I didn’t want it to be an action-oriented series where we watch to solve the crime. I wanted it to really be an exploration of grief – I wanted it to feel like the book, because that’s what the book feels like. It was this web of characters with all these different backgrounds and against this very complex backdrop. And there are all these different ways that people try to deal with it in different ways.
And I think when I actually looked at the book, I pulled out sentences, and then I talked to my DP, and we watched movies together – we watched this great French series called Ghosts, “The Return,” a zombie series about the return of the dead. But it’s not what you would think. It’s really about grief and how time passes. We watched foreign films, like this Icelandic film called A
When we put these images together, I think we wanted to convey a sense of ghost and emptiness.
That poignancy really comes through, and I’d like to know what formed in your mind’s eye as you thought about how to show an absence or illustrate that lack, if not a complete emptiness?
I think we talked a lot in the writers’ room about ambiguous loss, about not having closure, and about all the different ways we carry trauma that isn’t visible. It’s not always that easy OK, this person died. And now I’m grieving. Sometimes you never get closure, you never get to say goodbye. Sometimes you mourn the lost time. Sometimes you grieve the loss of memory […] where the person is still there, but they are not there as you know them. So how do you feel about them? And how do you mourn?
I think that’s why – and I went along with it The good bye Also – [I focused on] I really look at space and have the ability to do wide angle shots where people are really isolated in the frame.
Photo: Atsushi Nishijima/Prime Video
Photo: Jupiter Wong/Prime Video
Photo: Glen Wilson/Prime Video
Margaret, for example, is looking for a place where she can be alone in her grief. And the emptiness of this space somehow gives her comfort because she is able to be someone else. She is not constantly reminded of the tragedy. And so having Nicole in a convenient location in Hong Kong was a really central image for us. She had to climb the seven flights of stairs. It was her first day of filming. I was like, Oh my god, she’s going to hate me. This is Nicole Kidman. I have her go up the stairs, there is no elevator.

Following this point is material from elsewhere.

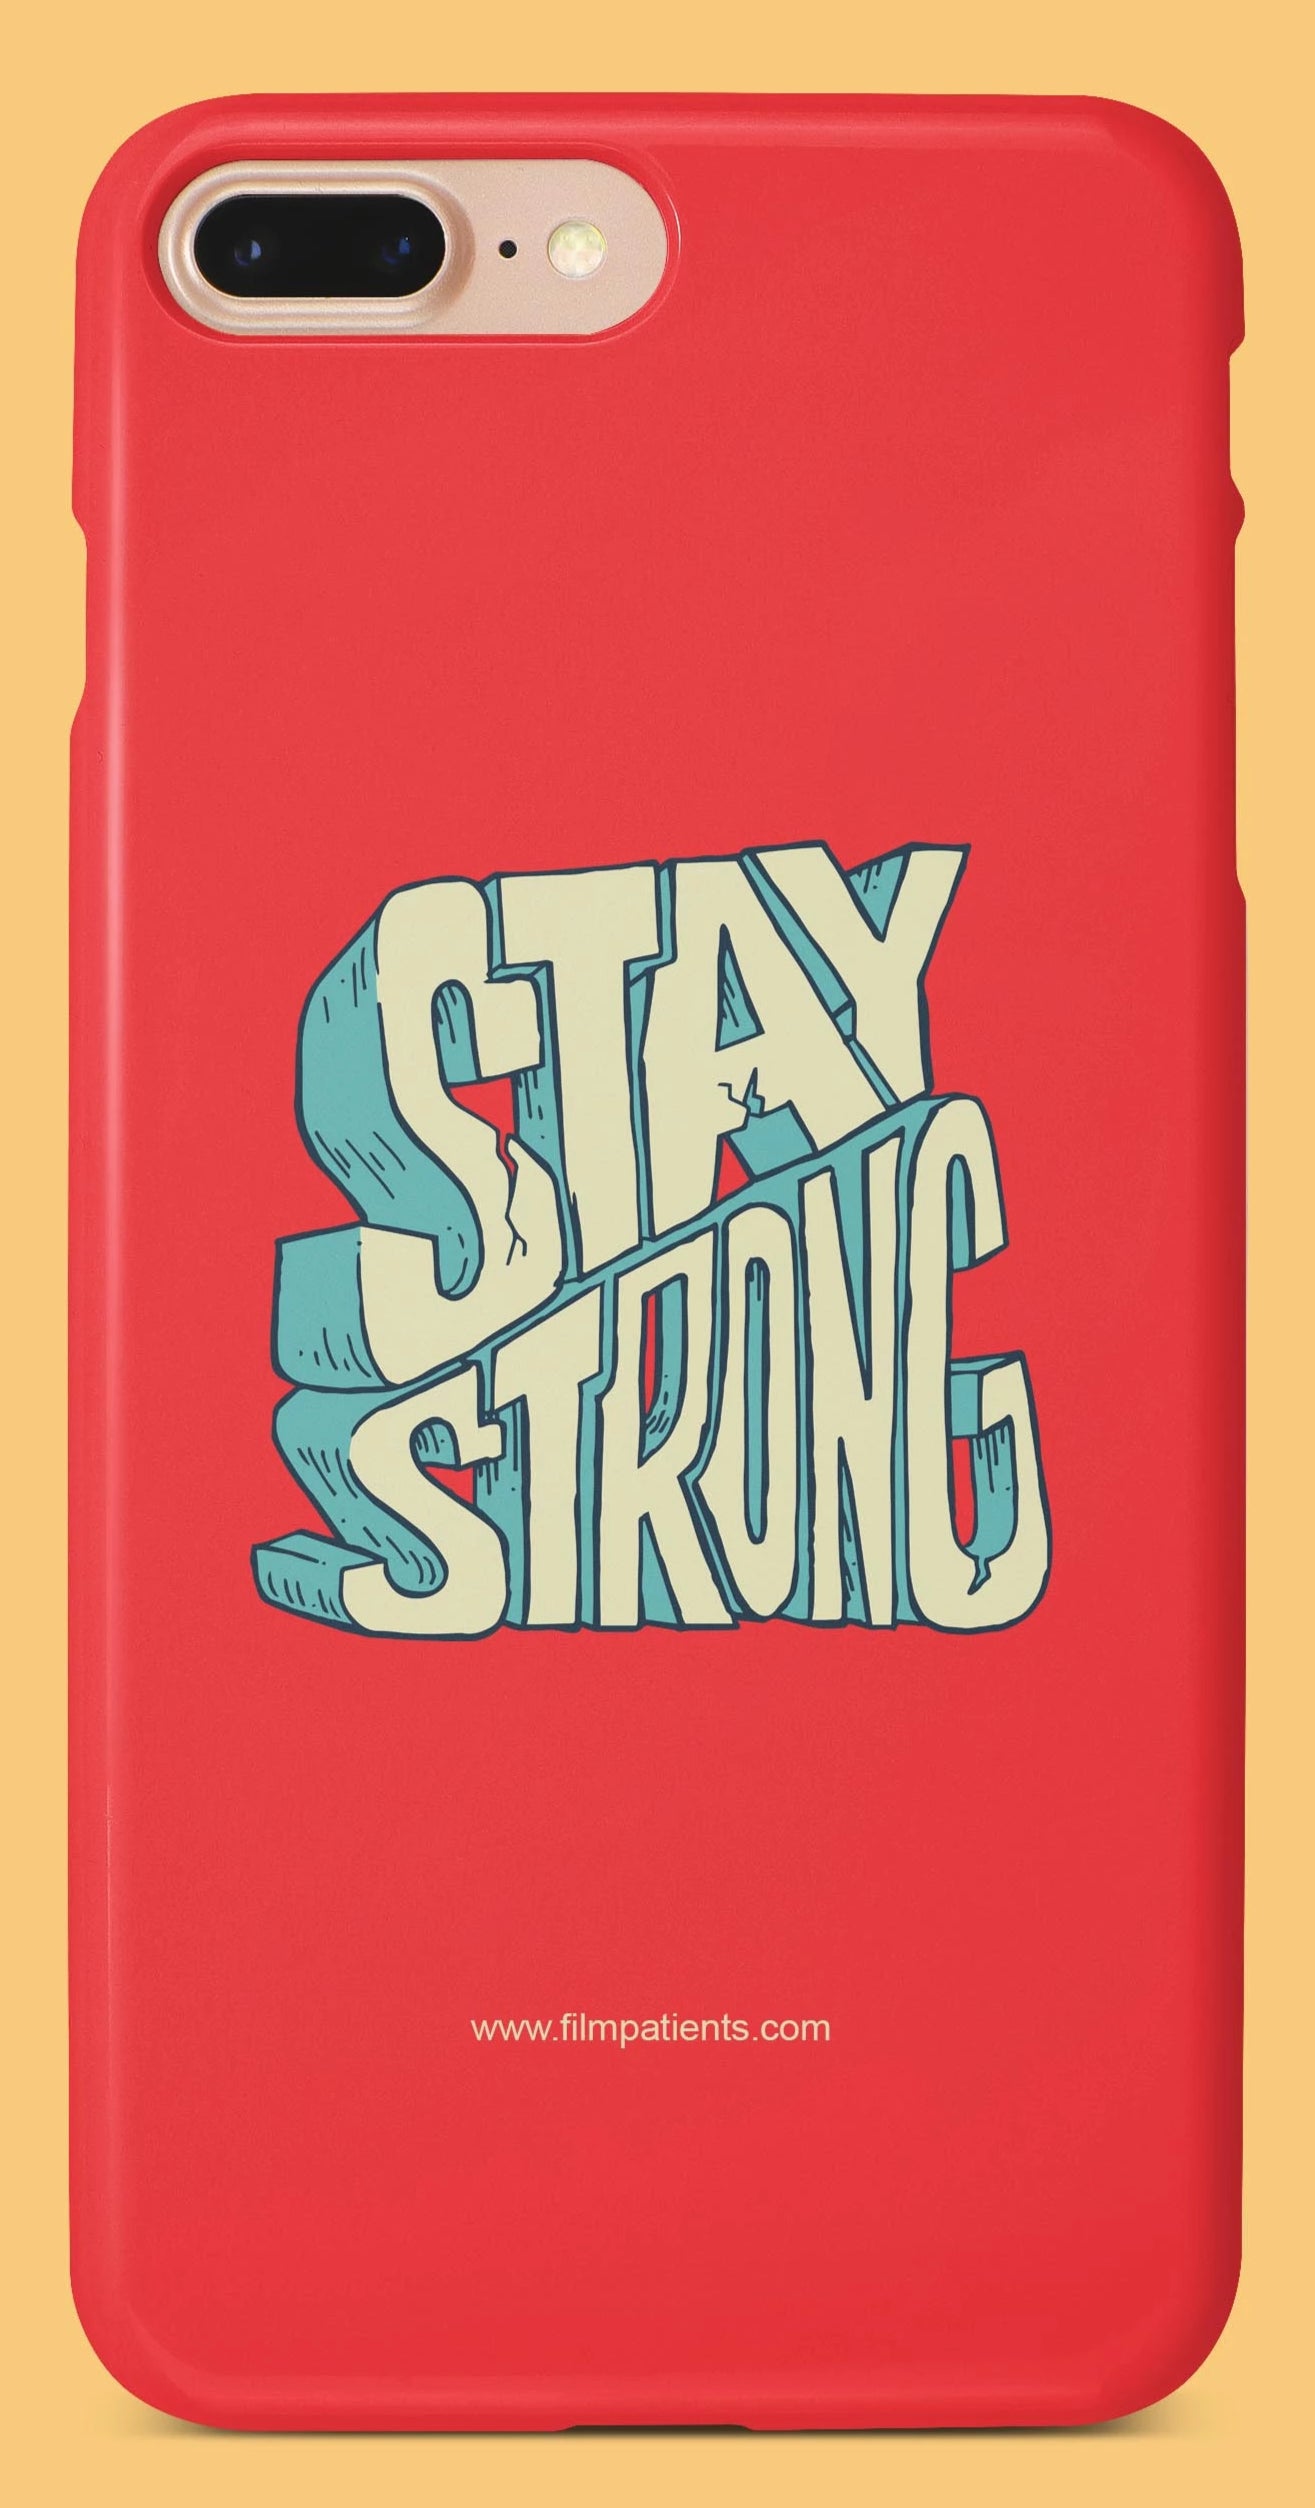 Stay Strong Mobile Cover | Film Patients

Definitely. As for your point about almost avoiding the mystery, I’m curious to see how you set up the final type of confrontation between all of these women. In the finale one has the impression that it is a staccato conversation in which these fragments are chopped up.
In a way it’s like a visual voiceover, I suppose. I wanted it to feel like they were addressing the audience; I wanted to play with it [idea that] Everything they said, the other woman could say almost the same thing. It’s a specific conversation, but it’s also a universal conversation; There are endings and beginnings. It’s about apologizing and not being able to find the words to apologize. They were all the other woman in different situations. And the series deals a lot with perpetrators and victims. And we always have compassion for the victims, it’s easy to identify with them. But it’s much harder to actually have compassion for the people who do the deeds and make the mistakes. And it was really important to us that all of these women were perpetrators and victims at the same time – but with different stories. In someone else’s story, they are the perpetrator; in their own story they are the victim. And being able to grasp all of these truths at once – it just felt like this symmetry of their faces connected them.
Foreigners is now streaming on Prime Video.